Un blog qui va, qui vient, d'actu importante ou non...
de William Karel
2004, France
Avec Clémence Boulouque, Elsa Zylberstein
Sorti le 4 janvier, durée 1h30
Si on vous dit l’affaire Boulouque, que pensez-vous en premier ? « L’affaire Boulouque ? C’est qui, Boulouque ? » Certains penseront peut-être à un nom, Clémence Bouloque, écrivain et critique littéraire au Figaro. Le Boulouque de l’affaire, c’est son père, Gilles, juge du terrorisme vers la fin des années 80. Accusé d’avoir cédé à la raison d’Etat, victime de campagne de presse, inculpé en 1988 pour violation du secret de l’instruction, ce qui scandalisera ses collègues, il finira par se suicider le soir du 13 décembre 1990.
’La fille du juge’, c’est le surnom de Clémence à l’école, quand son père apparaît à la Une des journaux : il est chargé du dossier des attentats meutriers de Paris en 1985 et 1986. La première rencontre d’une fille enjouée de neuf ans avec le terrorisme. Pas la dernière. Clémence est à New York le 11 septembre 2001. C’est sur ses souvenir de ce jour que s’ouvre le film, adaptation de son livre Mort d’un silence, écrit comme volonté de guérir. Guérir du départ d’un père.

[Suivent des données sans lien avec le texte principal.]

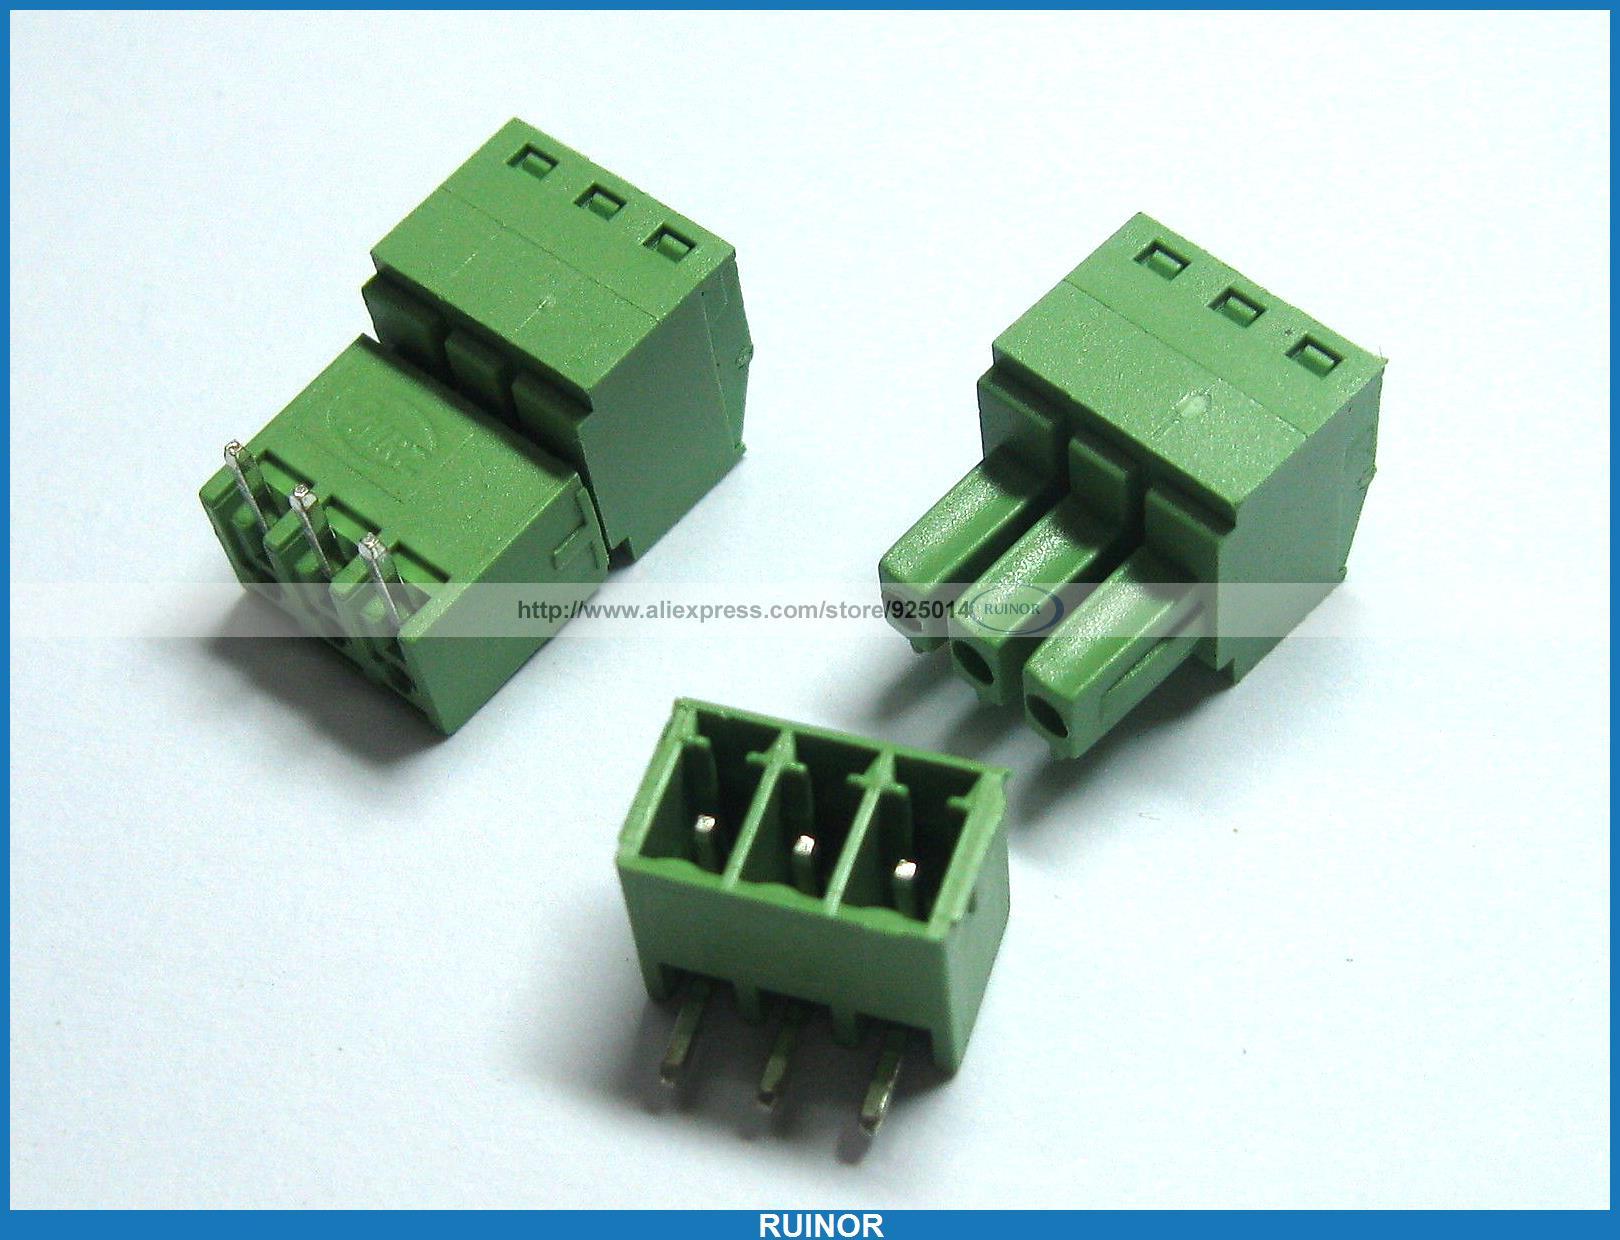 250 Pcs Screw Terminal Block Connector 3.5mm Angle 3 Pin Green Pluggable Type 30 pcs screw terminal block connector 3 81mm 12 pin green pluggable type

Film, documentaire : la frontière est ici mince. Pas de dialogues. Simplement une narration, phrases du livres lues et incarnée par Elsa Zylberstein, sur des images de Clémence, des films d’enfance en super-8, des photos. Et des extraits d’émissions télé de l’époque, choisis et montés de façon exemplaire par William Karel, qui n’en est pas à son coup d’essai. Ici, ce n’est pas la mise en scène qui prime ; elle est plus inintéressante qu’autre chose. Mais les mots, les silences, le regard gai puis trouble d’une jeune fille, celui égaré d’un homme à bout...
A cela s’ajoute l’exposé d’un imbroglio politico-judiciaire aujourd’hui oublié, l’affaire Gordji, qui est tout de même à l’origine du « pouvez-vous me dire en me regardant dans les yeux » lancé par Chirac à Mitterand lors du débat pour les présidentielles en 1988. La fille du juge est à la fois l’histoire d’une perte, l’histoire d’un manque impossible à combler, et une tentative par une fille de permettre à son père d’être plus que « de ceux qui font l’actualité mais ne marquent pas l’histoire », selon les propres mots de Clémence. A voir absolument...
...ou, à défaut, lire le livre de Clémence Boulouque, Mort d’un silence. Pour ceux qui auront apprécié le travail de William Karel, sautez sur ses indispensables Le Monde selon Bush et CIA, guerres secrètes.